Work instructions: Return the count of lines in the following records that include "фото", and nothing more.

+ + + + +

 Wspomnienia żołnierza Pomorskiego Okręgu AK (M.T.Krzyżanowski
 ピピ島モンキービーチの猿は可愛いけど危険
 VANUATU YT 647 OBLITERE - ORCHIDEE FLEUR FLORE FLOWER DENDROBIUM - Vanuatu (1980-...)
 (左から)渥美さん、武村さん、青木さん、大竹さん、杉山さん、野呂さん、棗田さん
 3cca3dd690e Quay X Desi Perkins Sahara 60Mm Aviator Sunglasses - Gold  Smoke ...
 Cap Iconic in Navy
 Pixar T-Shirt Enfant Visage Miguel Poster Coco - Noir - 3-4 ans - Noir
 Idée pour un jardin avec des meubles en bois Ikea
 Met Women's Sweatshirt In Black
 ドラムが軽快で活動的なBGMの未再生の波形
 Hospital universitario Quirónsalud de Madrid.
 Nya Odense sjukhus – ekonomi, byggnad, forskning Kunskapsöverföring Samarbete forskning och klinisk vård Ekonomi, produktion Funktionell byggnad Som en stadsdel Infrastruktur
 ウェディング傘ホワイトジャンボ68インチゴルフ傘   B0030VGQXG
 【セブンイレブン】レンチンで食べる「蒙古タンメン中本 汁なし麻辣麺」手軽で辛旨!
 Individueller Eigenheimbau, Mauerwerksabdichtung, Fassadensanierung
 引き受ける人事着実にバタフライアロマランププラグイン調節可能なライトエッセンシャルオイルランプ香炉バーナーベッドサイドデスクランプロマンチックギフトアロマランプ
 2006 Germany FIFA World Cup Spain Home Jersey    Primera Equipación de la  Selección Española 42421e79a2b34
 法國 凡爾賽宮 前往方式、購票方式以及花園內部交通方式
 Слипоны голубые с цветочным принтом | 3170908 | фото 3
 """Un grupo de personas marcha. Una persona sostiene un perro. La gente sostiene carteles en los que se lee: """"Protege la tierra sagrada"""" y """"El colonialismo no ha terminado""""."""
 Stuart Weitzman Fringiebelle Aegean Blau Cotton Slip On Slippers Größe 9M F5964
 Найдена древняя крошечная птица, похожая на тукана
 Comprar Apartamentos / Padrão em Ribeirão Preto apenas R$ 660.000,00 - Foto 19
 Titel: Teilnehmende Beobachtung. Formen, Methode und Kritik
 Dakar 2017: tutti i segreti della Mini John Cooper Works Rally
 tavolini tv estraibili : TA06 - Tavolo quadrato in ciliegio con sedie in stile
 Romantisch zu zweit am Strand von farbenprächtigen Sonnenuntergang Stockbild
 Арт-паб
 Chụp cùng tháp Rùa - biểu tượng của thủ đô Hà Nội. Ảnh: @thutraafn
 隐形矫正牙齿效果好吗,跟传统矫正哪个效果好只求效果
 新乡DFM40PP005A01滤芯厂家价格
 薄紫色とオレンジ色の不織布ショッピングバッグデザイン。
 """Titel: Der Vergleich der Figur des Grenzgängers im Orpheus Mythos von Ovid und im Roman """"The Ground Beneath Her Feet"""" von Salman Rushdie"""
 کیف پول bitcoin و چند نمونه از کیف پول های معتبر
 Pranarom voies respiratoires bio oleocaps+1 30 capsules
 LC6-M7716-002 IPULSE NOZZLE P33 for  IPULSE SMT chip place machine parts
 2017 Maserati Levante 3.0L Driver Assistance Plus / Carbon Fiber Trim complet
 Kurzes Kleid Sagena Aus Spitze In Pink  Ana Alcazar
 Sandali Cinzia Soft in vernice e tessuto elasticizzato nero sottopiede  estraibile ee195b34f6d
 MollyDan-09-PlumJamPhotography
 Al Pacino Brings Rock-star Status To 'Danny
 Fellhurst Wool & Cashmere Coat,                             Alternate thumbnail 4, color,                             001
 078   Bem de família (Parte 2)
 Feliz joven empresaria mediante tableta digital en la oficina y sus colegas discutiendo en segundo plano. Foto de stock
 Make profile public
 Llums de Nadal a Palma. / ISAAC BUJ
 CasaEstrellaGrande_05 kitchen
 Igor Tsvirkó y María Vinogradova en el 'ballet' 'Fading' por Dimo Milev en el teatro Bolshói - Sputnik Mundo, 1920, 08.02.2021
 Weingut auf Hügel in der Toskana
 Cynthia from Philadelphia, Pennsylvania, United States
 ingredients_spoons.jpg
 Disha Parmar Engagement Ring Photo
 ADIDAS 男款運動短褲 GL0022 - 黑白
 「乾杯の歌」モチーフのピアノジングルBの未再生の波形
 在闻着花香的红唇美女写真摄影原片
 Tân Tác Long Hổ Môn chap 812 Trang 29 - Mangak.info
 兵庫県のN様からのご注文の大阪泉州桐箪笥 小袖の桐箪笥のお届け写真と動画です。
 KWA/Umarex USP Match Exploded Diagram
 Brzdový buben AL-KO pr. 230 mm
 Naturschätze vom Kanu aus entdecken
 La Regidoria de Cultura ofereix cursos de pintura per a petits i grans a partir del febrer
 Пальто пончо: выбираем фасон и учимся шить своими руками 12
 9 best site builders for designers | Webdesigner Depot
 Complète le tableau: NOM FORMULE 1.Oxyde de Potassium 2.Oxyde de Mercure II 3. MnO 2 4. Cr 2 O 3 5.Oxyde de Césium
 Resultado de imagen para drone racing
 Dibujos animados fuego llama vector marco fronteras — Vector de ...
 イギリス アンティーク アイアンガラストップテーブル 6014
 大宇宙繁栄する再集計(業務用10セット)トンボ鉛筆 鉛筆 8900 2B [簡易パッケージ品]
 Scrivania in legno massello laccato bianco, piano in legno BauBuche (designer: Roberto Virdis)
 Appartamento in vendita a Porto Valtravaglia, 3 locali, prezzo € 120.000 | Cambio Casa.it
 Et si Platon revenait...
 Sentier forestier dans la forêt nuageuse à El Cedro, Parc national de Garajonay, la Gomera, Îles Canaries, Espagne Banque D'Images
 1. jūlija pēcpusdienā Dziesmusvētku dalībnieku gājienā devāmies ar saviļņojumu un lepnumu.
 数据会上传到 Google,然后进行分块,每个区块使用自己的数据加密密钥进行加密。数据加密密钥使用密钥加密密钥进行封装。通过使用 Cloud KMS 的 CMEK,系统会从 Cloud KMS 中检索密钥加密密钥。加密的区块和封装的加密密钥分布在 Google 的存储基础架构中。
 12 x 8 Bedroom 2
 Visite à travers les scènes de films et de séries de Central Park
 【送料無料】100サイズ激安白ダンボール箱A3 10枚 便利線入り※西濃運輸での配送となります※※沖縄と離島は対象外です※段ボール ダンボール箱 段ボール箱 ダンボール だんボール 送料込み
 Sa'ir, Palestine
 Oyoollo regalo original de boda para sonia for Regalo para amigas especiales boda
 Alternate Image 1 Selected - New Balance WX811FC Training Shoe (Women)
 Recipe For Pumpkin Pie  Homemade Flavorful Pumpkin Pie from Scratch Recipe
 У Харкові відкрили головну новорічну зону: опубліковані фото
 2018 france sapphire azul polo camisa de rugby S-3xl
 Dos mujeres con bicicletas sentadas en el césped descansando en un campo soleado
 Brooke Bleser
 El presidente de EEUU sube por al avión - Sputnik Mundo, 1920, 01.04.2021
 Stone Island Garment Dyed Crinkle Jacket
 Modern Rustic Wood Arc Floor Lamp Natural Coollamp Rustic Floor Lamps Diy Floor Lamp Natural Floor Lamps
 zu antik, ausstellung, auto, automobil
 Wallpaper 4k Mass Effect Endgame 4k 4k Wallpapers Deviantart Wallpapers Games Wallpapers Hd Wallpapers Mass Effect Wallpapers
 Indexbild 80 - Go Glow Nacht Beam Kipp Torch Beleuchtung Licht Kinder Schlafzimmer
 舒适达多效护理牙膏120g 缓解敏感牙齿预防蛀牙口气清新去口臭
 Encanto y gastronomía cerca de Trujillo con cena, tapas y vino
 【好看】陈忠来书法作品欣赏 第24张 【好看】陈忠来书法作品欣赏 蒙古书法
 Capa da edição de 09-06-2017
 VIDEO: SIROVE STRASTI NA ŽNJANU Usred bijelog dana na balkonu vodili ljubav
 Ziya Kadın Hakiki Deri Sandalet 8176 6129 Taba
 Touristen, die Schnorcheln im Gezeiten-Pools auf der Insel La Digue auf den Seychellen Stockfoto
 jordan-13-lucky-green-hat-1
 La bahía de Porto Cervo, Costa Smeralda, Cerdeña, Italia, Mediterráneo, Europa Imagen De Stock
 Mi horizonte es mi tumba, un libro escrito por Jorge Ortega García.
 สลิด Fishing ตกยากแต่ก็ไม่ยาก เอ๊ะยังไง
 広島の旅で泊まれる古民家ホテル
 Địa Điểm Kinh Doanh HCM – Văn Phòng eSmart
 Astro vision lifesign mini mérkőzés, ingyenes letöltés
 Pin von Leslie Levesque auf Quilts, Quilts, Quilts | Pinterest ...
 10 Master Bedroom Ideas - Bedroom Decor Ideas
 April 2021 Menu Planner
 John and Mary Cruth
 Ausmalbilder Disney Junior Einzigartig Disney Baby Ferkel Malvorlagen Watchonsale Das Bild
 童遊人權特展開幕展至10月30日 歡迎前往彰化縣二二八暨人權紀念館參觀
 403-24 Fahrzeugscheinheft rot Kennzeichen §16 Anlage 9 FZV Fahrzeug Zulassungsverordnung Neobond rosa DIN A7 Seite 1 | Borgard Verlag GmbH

+ + + + +

Answer section: 2